One that will probably be more in line to where they are in their
beginner java course assuming they are getting this around the same
time that I did.
Of course you should remove the dashes in the loop and use spaces to
get credit for the assignment, that is there just to show you that it
works.
public class ex3_11_padString {
public static void main(String[] args) {
padString("hello",10);
}
public static String padString( String s, int len) {
int s_length = s.length();
int diff = len - s_length;
String newString;
newString = "";
for (int x = 0 ; x < diff; x++) {
newString += "-";
}
newString = newString + s;
return new String;
}
}
You may want to take a look at Java's String class documentation. Look for a method that returns the length of the string...

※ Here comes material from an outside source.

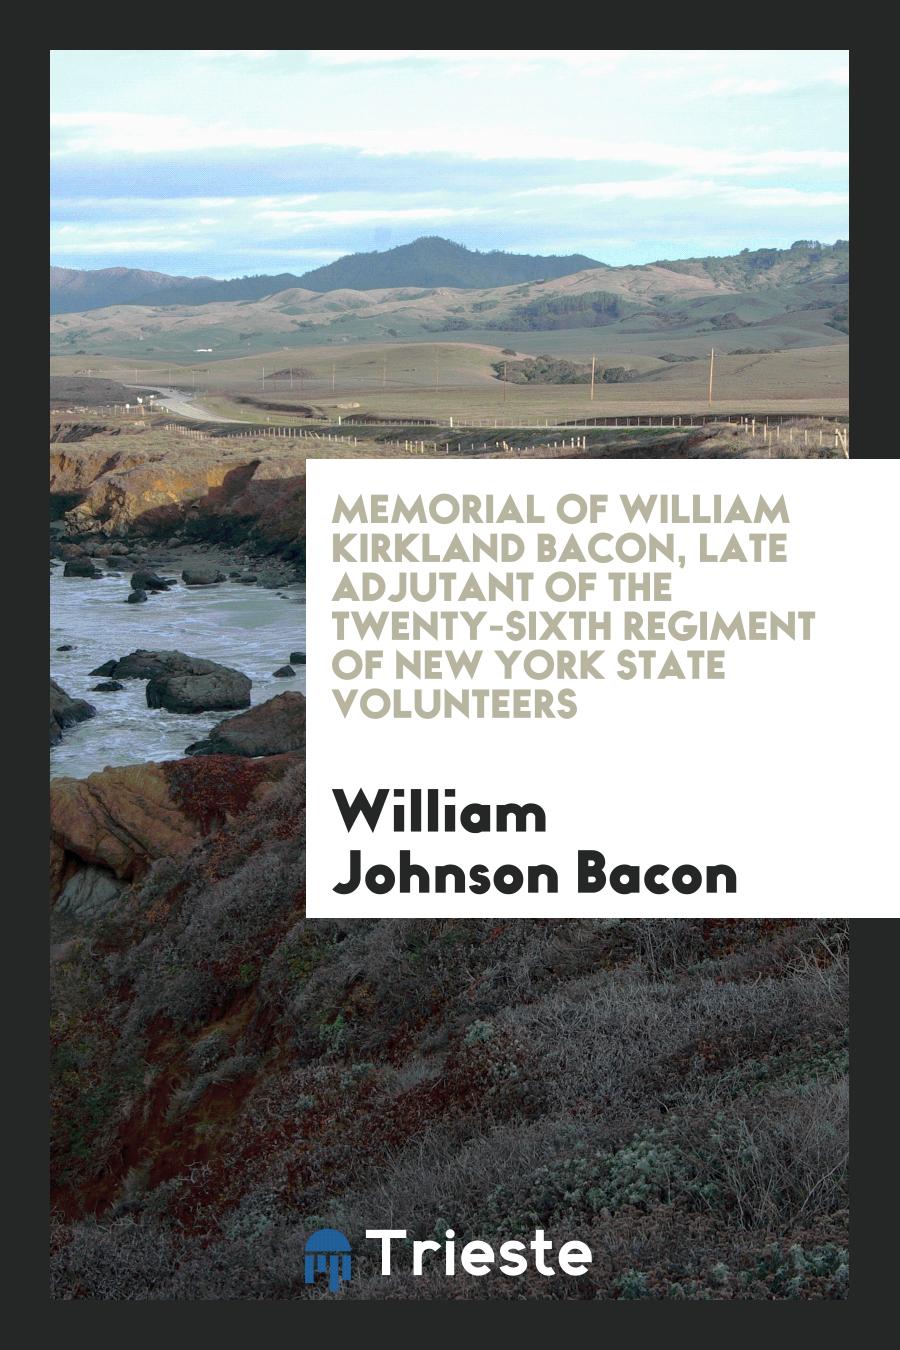 Memorial of William Kirkland Bacon, Late Adjutant of the Twenty-Sixth Regiment of New York State Volunteers

public static String padString(String str, int len)
{
int lengt=str.length();
if(lengt==len||lengt>len)
return str;
else if(lengt<len){
String spacstr="";
for(var i=lengt;i<len;i++){
spacstr+="$";
}
return str+spacstr;
}
}
///more generalized by accepting pad character
public static String padString(String str, int len,String padChar)
{
int lengt=str.length();
if(lengt==len||lengt>len)
return str;
else if(lengt<len){
String spacstr="";
for(var i=lengt;i<len;i++){
spacstr+=padChar;
}
return str+spacstr;
}
}
public String padString (String s, int padding) {
return String.format("%-" + padding + "s", s);
}
This is the better solution for me. Taken from the comment of #John C, with the "%-" added.
Sorry #John C I cannot edit your comment or add one below yours.